Hi, I’m Rex Rogers and this is episode #25 of Discerning What Is Best, a podcast applying unchanging biblical principles in a rapidly changing world, and a Christian worldview to current issues and everyday life.


Many years ago, when we lived near New York City where I served as a Christian college administrator, we attended our daughter’s Eighth Grade graduation ceremony. It was a nice outdoor affair conducted with the usual academic pomp and circumstance, complete with commencement speaker and individual diplomas. It was a nice experience for our daughter and her friends.

While I know it is rare indeed to remember anything a commencement speaker says, I’ve never forgotten this speaker’s presentation. This was back in the day when self-esteem was the huge educational if not cultural fad of the moment. Everyone was into raising their self-esteem and books were pouring off the shelves, especially those aimed at women or children.

This speaker, no doubt with good intentions, used the words self, self-esteem, self-awareness, self-acceptance, self-care, even self-actualization at least twenty times in her mercifully brief speech. It was overwhelming. Basically, her message to the graduates was, you owe it to yourself to take care of yourself and the best way to do this is to look inside yourself and pursue whatever your authentic self wishes to do or be.

It all sounded like a wonderful experience of freedom and self-fulfillment. 

This exaltation of the self has not gone away in American or Western culture. The self-esteem movement ran hot for some time, eventually resulting in among other things, trophies for every player, effusive praise in the face of error or lack of learning, feel-good affirmations for any and all behavior, thus a generation of children growing up (but not maturing) with a sense of entitlement, little in the way of expectation, a limited work ethic, no vision for themselves, an inability to deal with loss they were never asked to experience, and a sense of meaninglessness. 

Some have blamed this movement for the so-called “snowflakes” entering higher education today, students so emotionally fragile that mere unpleasant words trigger their ability to function normally, hence, the arrival of “safe spaces” and politically correct lists of vocabulary allowed in the classroom. And sadly if ironically, for all this attention to the self, young people today are unhappy.

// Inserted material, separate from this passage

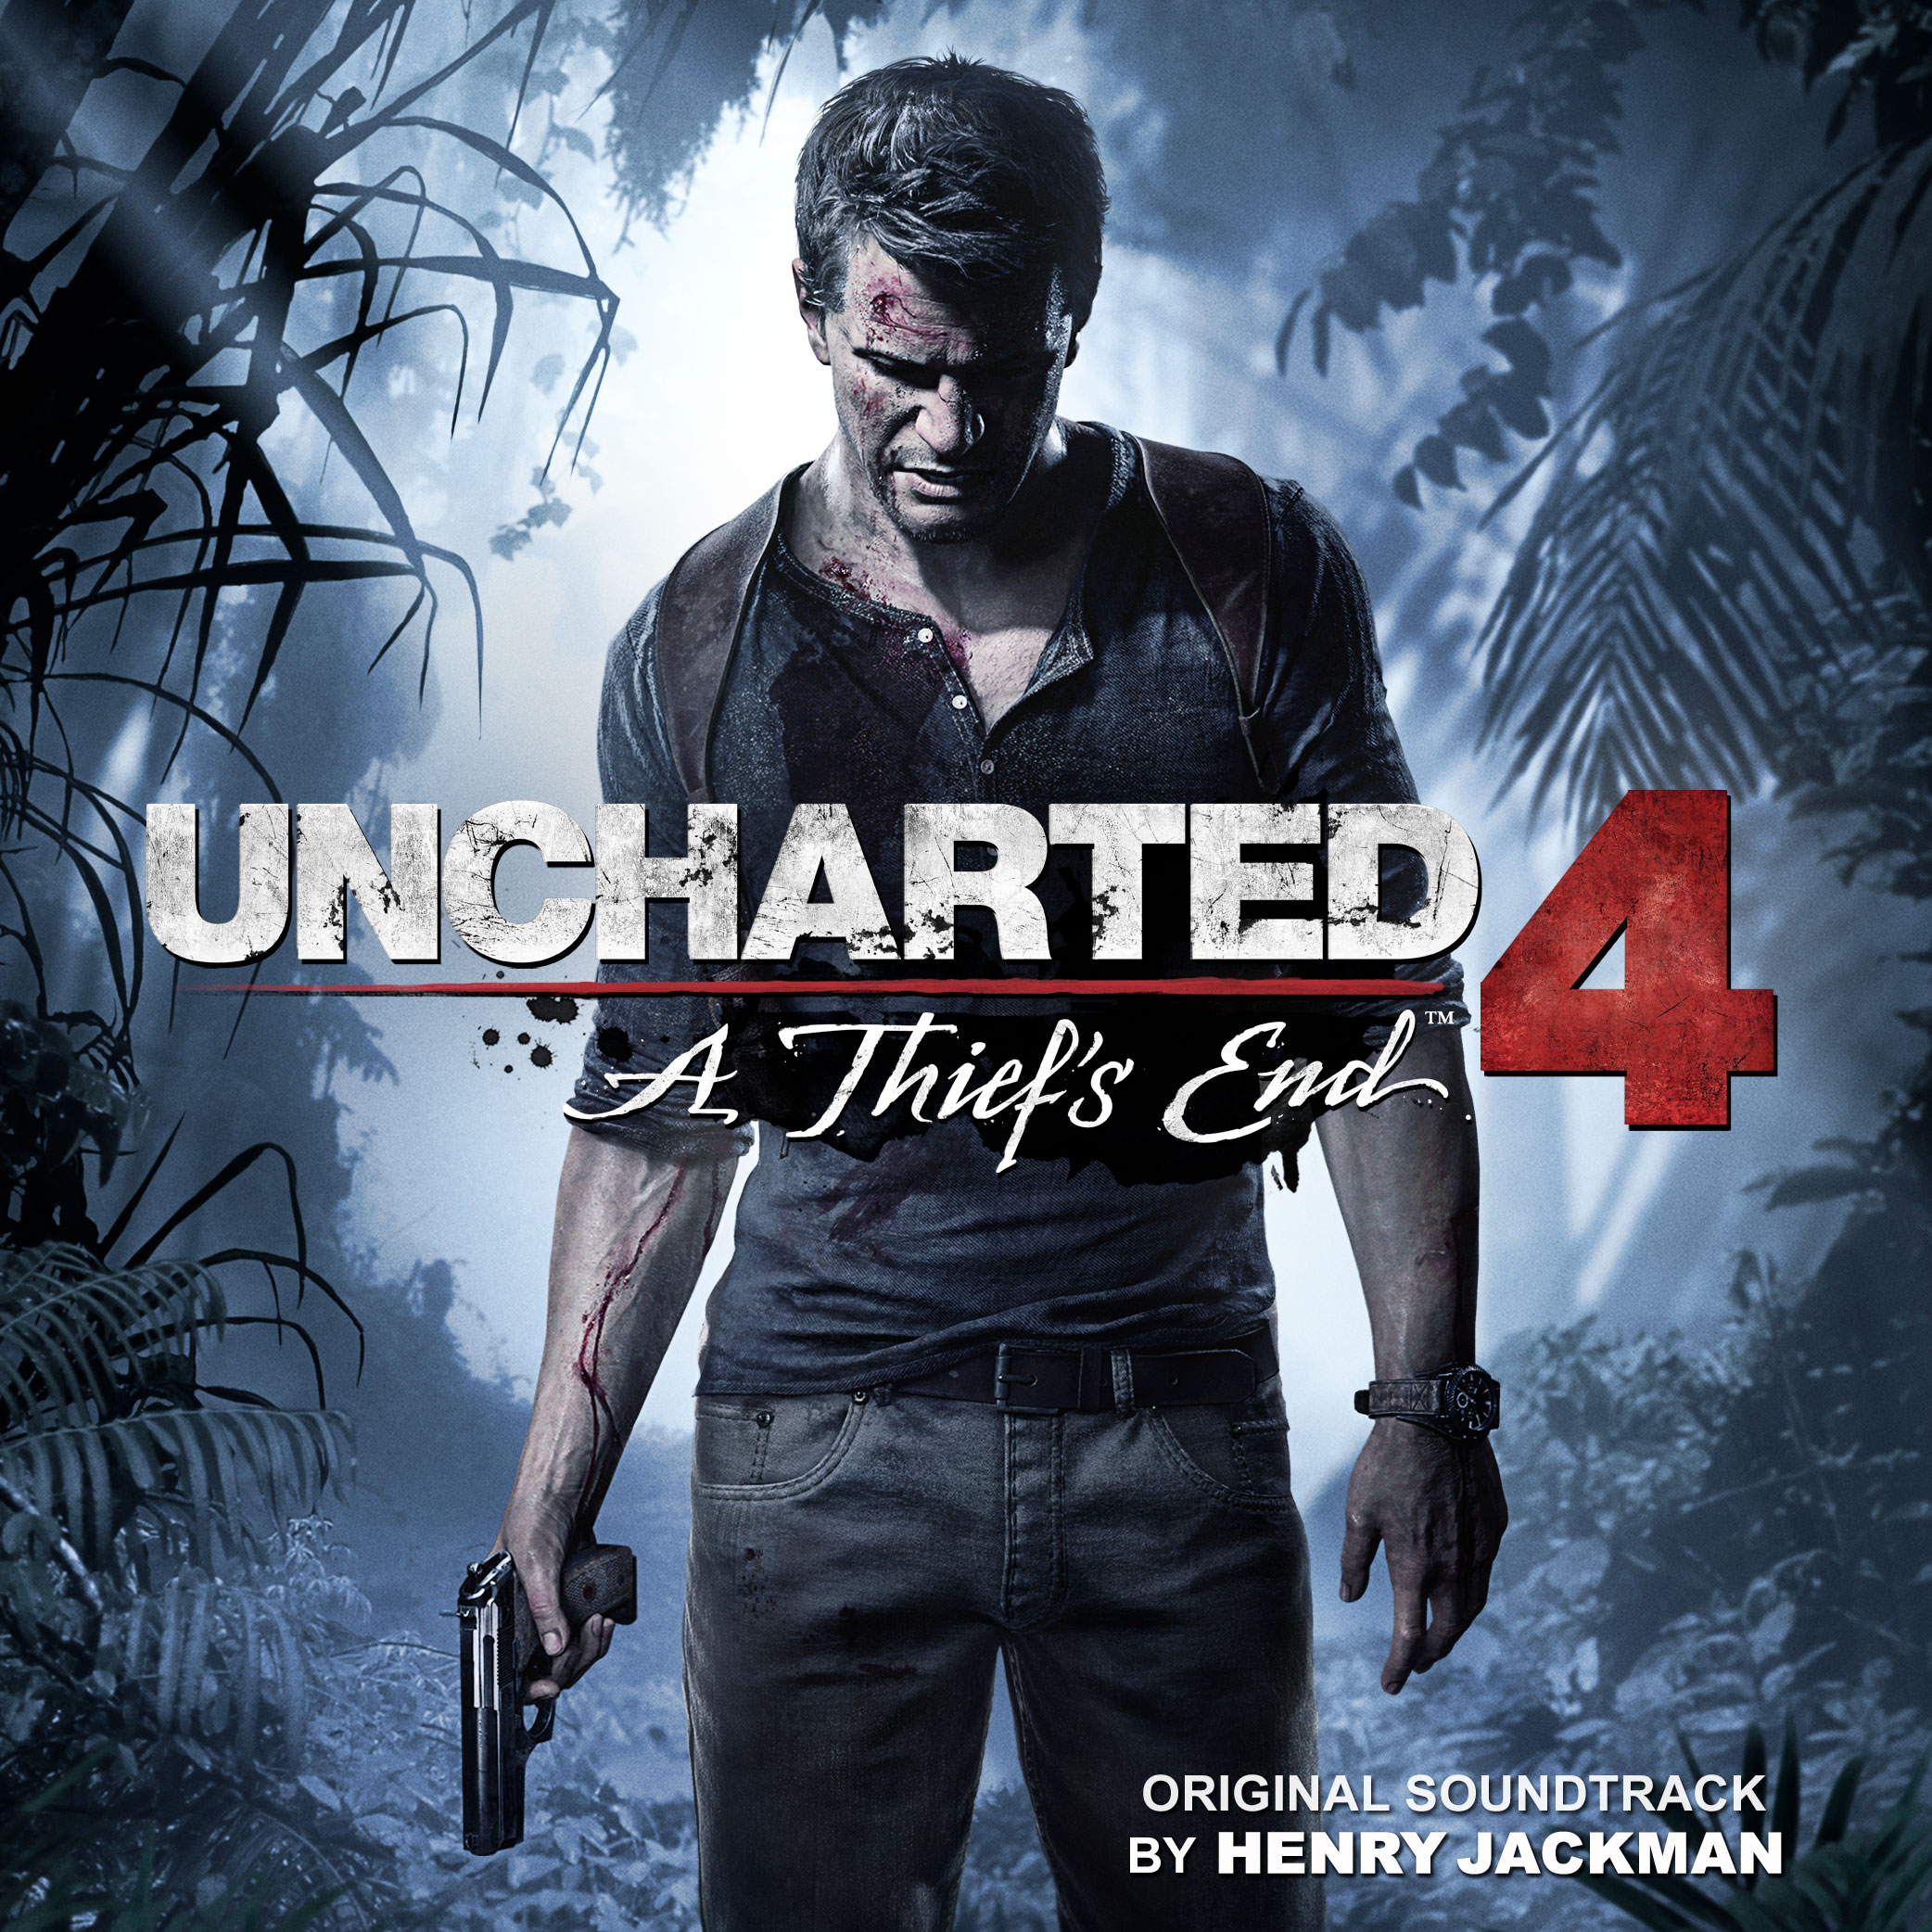 uncharted 4 for pc free download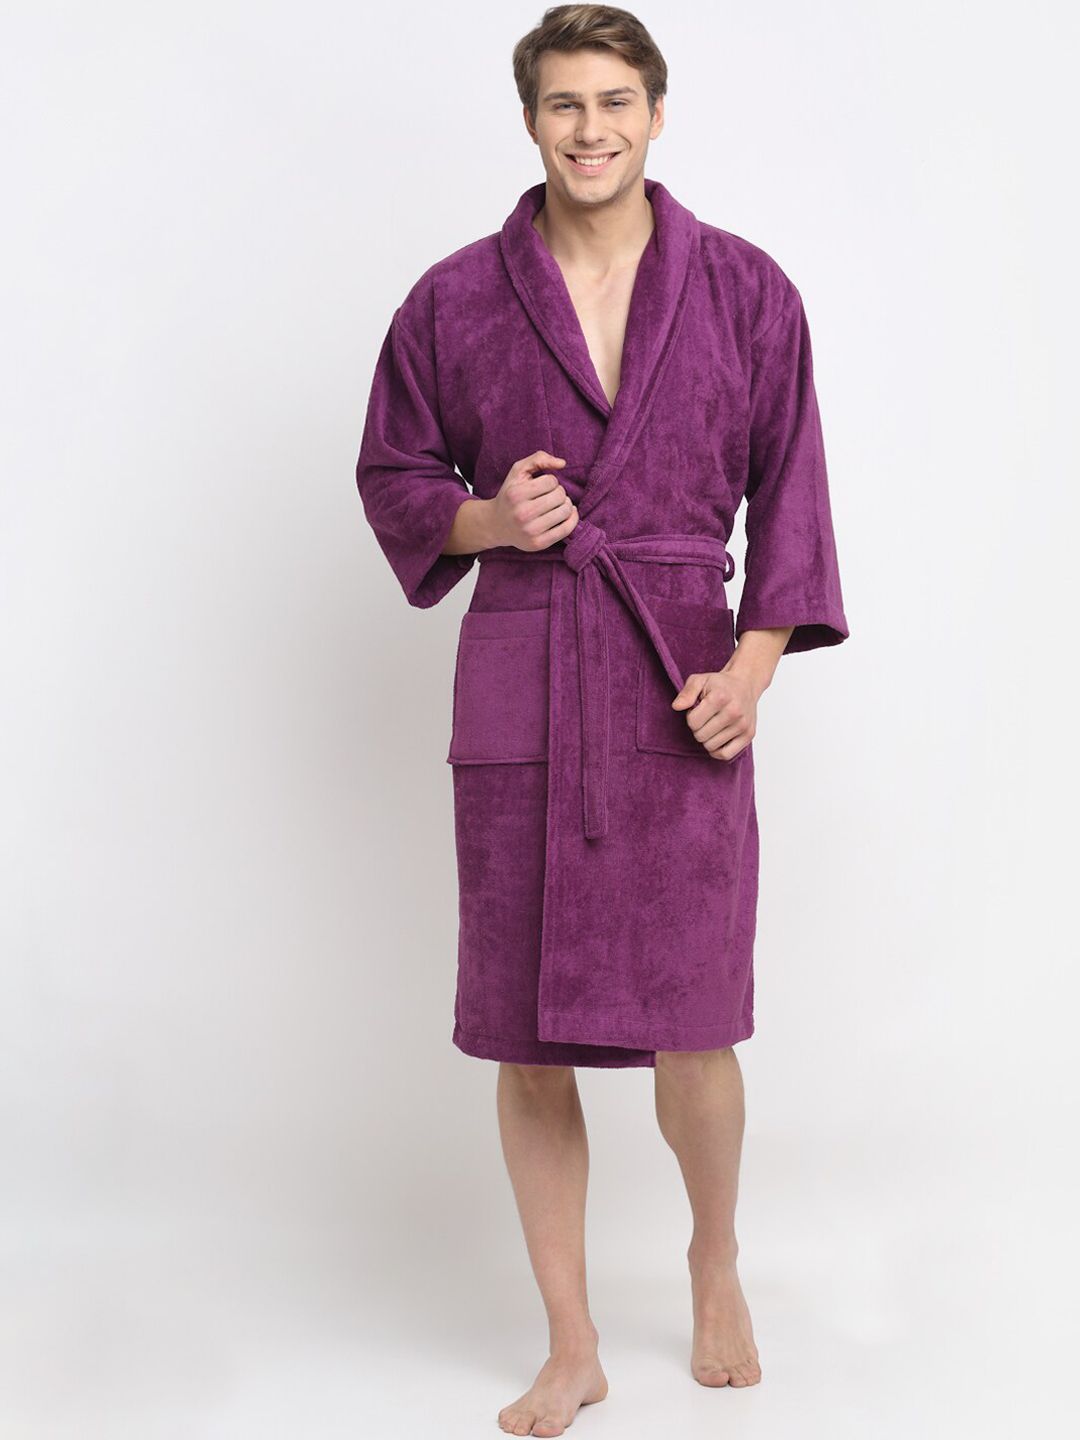 Creeva Unisex Purple Solid Terry Cotton Bath Robe With Pockets Price in India

Add to this the ubiquitous Internet: Every day, online influencers essentially say the same thing in thousands of Instagram posts, TikTok videos, and websites promoting products that ostensibly improve the self. 

Celebrities model this message as they post daily logs of their lives built around their appearance—beauty and fashion—materialistic excess, jet set lifestyles, opulent homes, non-stop parties, sensuality, and promiscuity. 

Whatever they desire, they do, because, well, they are the beautiful people whose lives are a model for us all. No one says it, but the message is, hedonism is healthy. 

Self-actualization, indeed, self-aggrandizement, is the ultimate path to the good life, to utopia, to heaven on earth.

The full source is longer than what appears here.